Optical fibre submarine systems are the subject of a large paper map, which is reproduced above a frame from an animation of satellite constellations. This latter map illustrates the point made by Rob Kitchin, that the best way to appreciate many of the maps is to look at them on the internet, where you can interact. Many of the maps can be rotated, viewed from different vantage points and some change with time.

However, maps measuring the international connectivity to the internet are no longer relevant, we are told as only states suffering from extreme poverty, war and civil conflicts (such as Afghanistan and Somalia) or from geopolitical isolation (like North Korea, and Iran) are the exceptions to global connectivity. However, mapping the internet by service providers shows, as might be expected, a concentration in certain wealthier regions.

For the non-technical reader, the next series of maps are somewhat obscure with a "3-D hyperbolic visualization of internet topologies". Don't be put off by the words. Each of the book's six chapters deals with a distinct topic and the section referred to is the only one that require some specialist knowledge.

Fans of AA Roadwatch or the daily weather bulletin will be fascinated to hear that the performance of the global internet is measured every four hours, every day of the week, by Matrix.Net to produce a continuous "Internet Weather Report".

Analysis of the "weather maps" shows peaks in congestion coinciding with the overlapping of key times in geographic space, such as the coinciding of the early morning on the east coast of the US with the mid-afternoon with Europe.

Moving away from physical infrastructure, chapter three concentrates on mapping the informational content of cyberspace - the original conceptual design of what became known as the World Wide Web.

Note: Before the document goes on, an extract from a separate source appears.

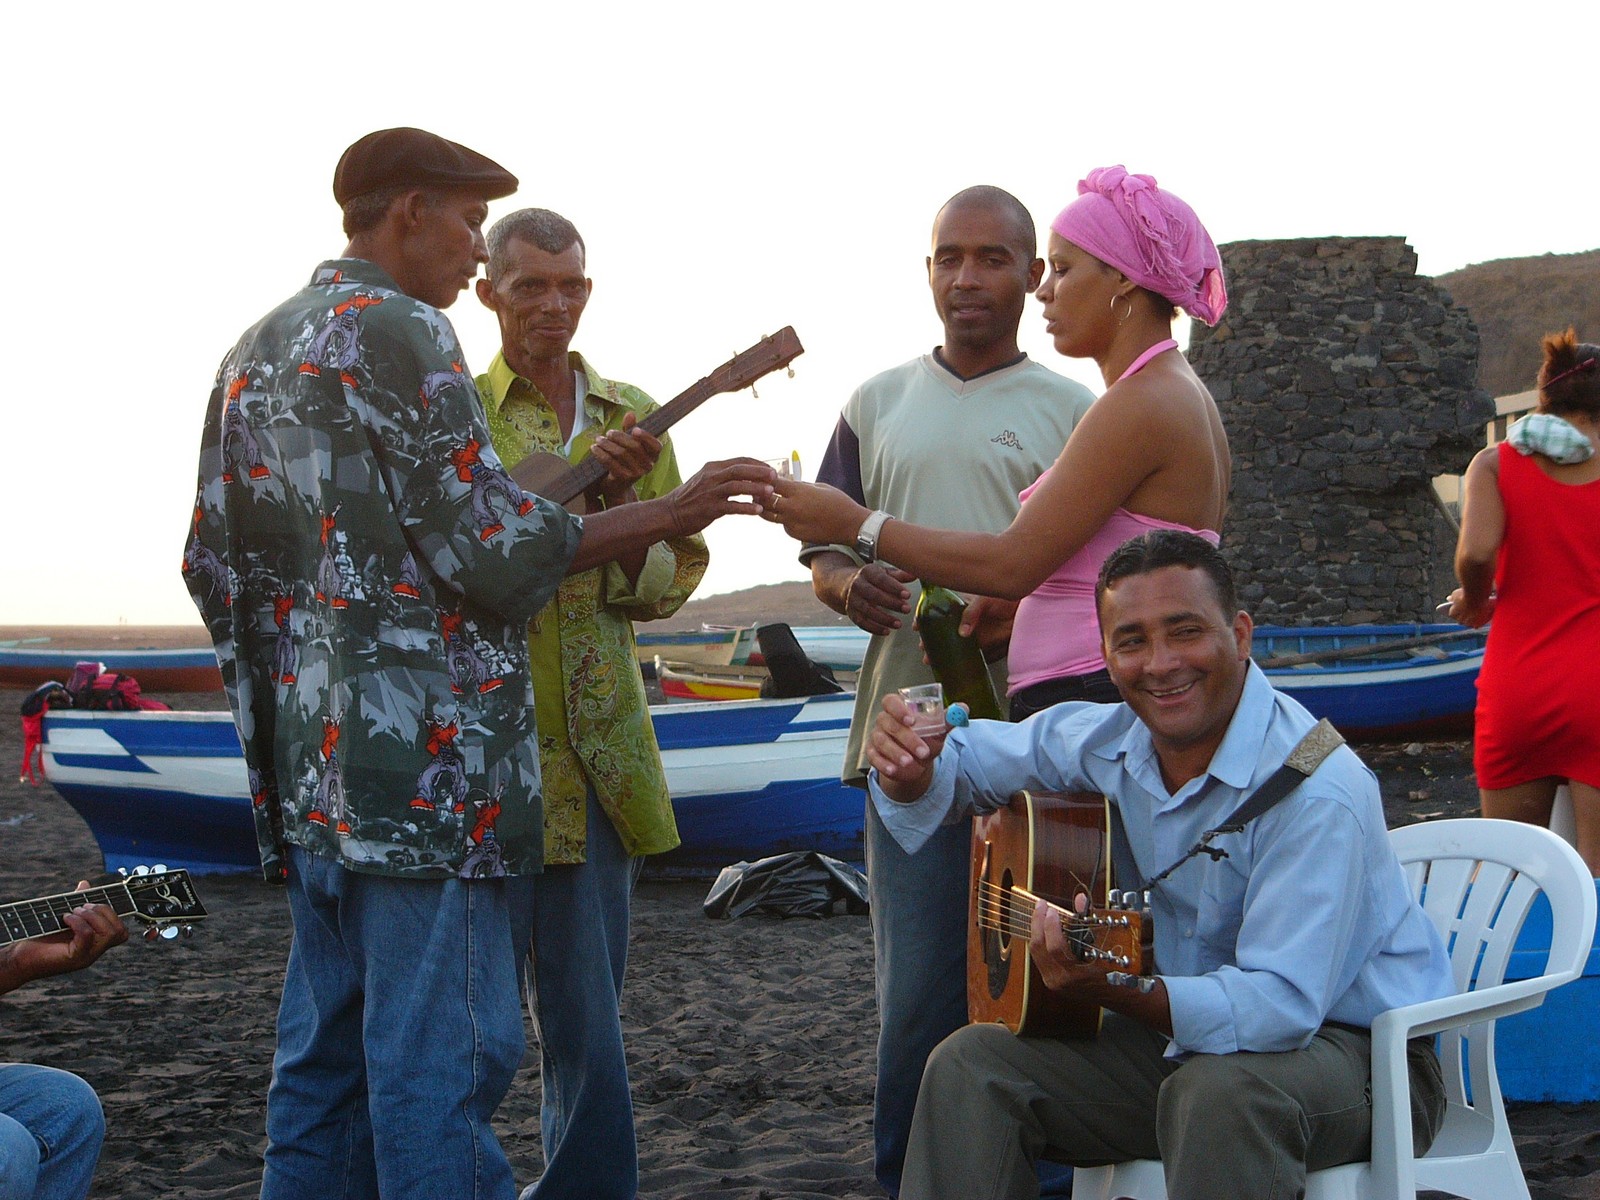 Livemusik am Strand auf den Kapverden - Lupe Reisen

Navigating the web is not just about finding sites. There is also the problem of navigating within websites. One innovative solution is provided by artist Shelley Jackson, who has superimposed hypertext links on a line drawing of her body, which serves as a table of contents.

Mapping conversation and community on the internet also requires an imaginative approach. In PeopleGarden, MIT student Rebecca Xiong uses a flower garden to represent a discussion forum. Each flower represents a user and each petal in a flower represents a single message. The form and colour of the flowers encode data on the number of messages posted, their sequence, whether they are initial conversations or replies. As more messages are posted, more petals sprout. The height of each flower represents the time a user has been involved. So a blooming flower garden represents a vigorous discussion forum.

Cyberspace is not just about communication and data flow, it's also about play. As of November 2000, some 67.7 million objects have been placed in the flat plane that is AlphaWorld. Users "own" land, design and build homesteads (from modest suburban to mock-Tudor houses to grand castles and follies), from pieces provided. The density of urban distribution, in what is probably the most popular virtual landscape, has been plotted and mapped as if it were real. There are even "satellite images" of urban development.

Conventional cartography gives way to images created by artists, film makers and storytellers in chapter five, Imagining Cyberspace. Their representations range from star charts to mosaics of multi-coloured pixels to an interactive electronic collage of jumbled text and spaces.

A health warning issued by the authors notes that this atlas, which draws together a wide selection of maps produced over the past 30 years or so, must be approached with caution. Readers should ask themselves why a particular map or spatialisation was created? Does the map change the way we think about, and interact, with cyberspace? To what extent does it accurately reflect the data? Is the map interpretable? How valid and reliable are the data used to construct the map? And, is the map or spatialisation ethical? While the book is written by academics - Rob Kitchin is a lecturer in human geography in NUI Maynooth and Martin Dodge works as a computer technician and researcher in the Centre for Advanced Spatial Analysis, at University College London - it should be enjoyed by most internet users.

A final thought from the authors: "remember: there is no one true map of cyberspace."